Иван Степанович одобрительно качнул головой:
— Ишь ты!.. Это ты верно сказал. Образно. Я бы так не сумел, сразу видно, что у тебя голова на плечах есть. А такое дело не вырабатывается, оно папой и мамой дается. С рождения. А кто у тебя родители?
— Вот здесь ты промашку дал, батя. Из детдома я. Кто Моя мать, припоминаю с трудом, а отца и вовсе никогда не знал. Мне рассказывали, что родился я на зоне… А там такое дело, через два года ребенка отдают в детдом, а мамка досиживает дальше. Видно, срок у нее большой был, вот и решила лечь под какого-нибудь молоденького вертухая. Все-таки бабам с икрой на зоне послабления дают. Так или иначе, я ее не видел: или сгинула где-нибудь, или просто не захотела себе на шею хомут вешать. Сука, одним словом, — произнес, как выдохнул, Захар.
— Это ты напрасно, — протянул Иван Степанович с заметной укоризной. — Мать есть мать. Она ведь тебе жизнь дала. Уже за это ты ей должен быть благодарен. Может, ее и в живых-то нет, вот она сейчас слышит, а душа ее при этом мается.

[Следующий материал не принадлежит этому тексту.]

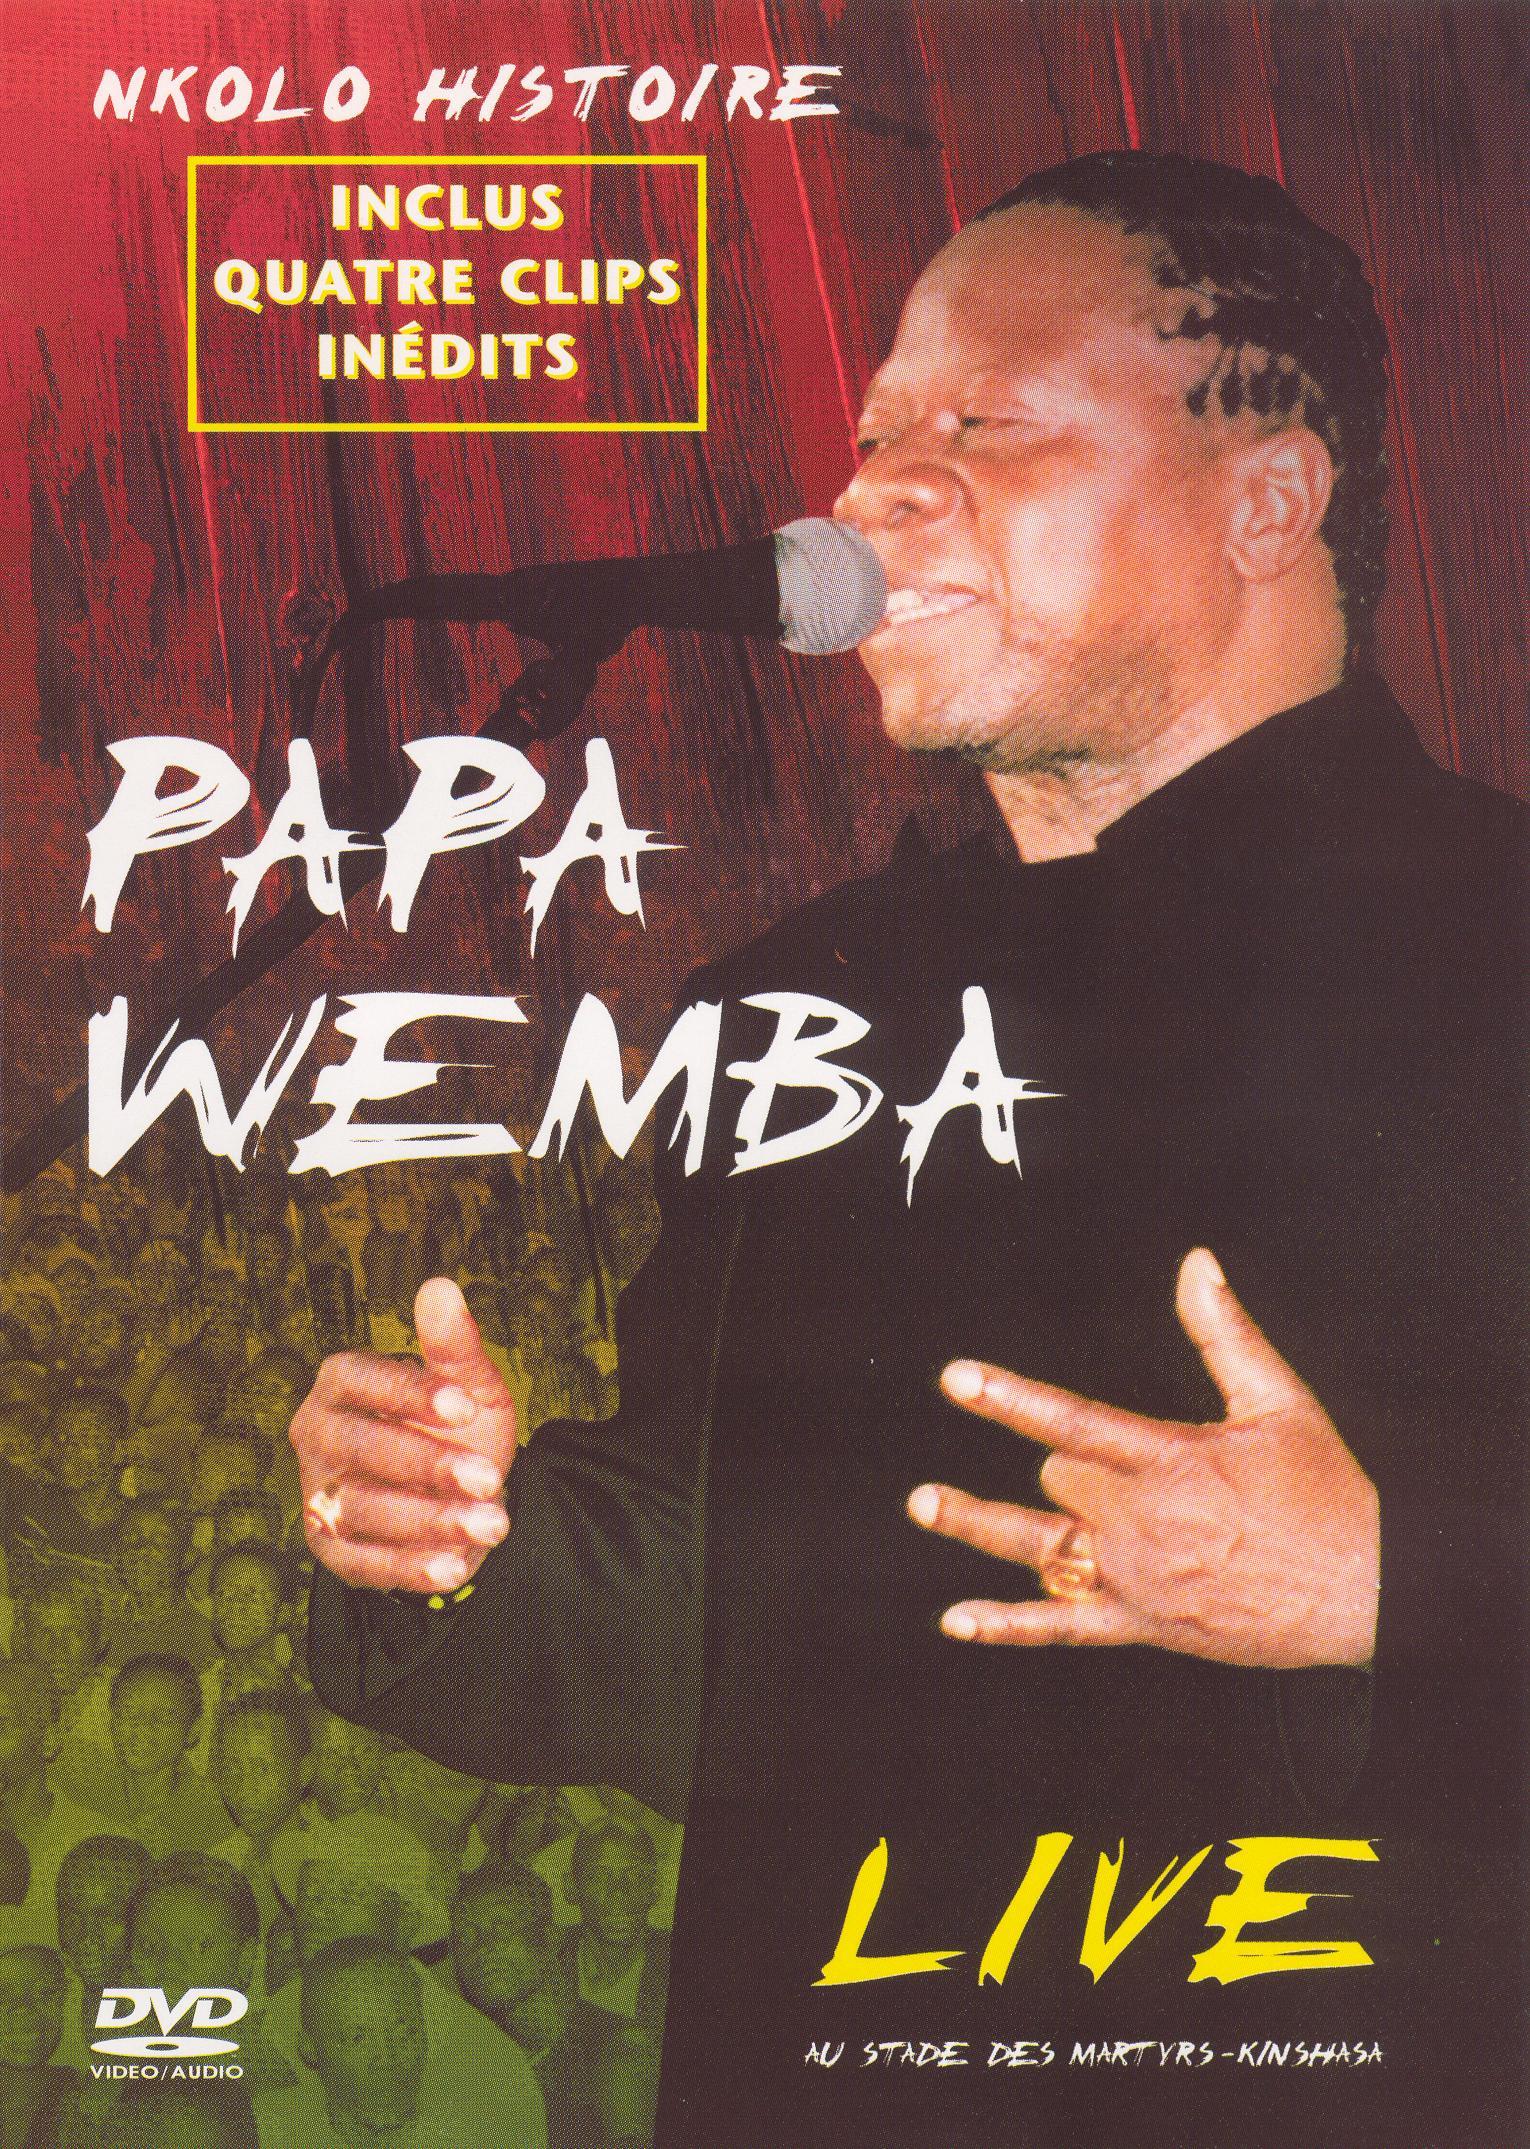 Papa Wemba and Viva La Musica: Nkolo Histoire

— Батя, ты мне на мозоль не дави, я ведь не маленький и сам знаю, что делать, — грубовато заметил Захар. — Папаши-то у меня тоже не было, так что к нравоучениям я не привык. Могу и обидеться крепко, ляпнуть что-нибудь не то, а тебе это может не понравиться. Верно?
Иван Степанович недовольно хмыкнул:
— Да уж. Я не чучело для битья. Захар продолжал смотреть в самый центр комнаты, на то самое злополучное пятно.
— А вот скажи, батя, ты не боишься, что тебя замочат ночью так же, как твоего напарника?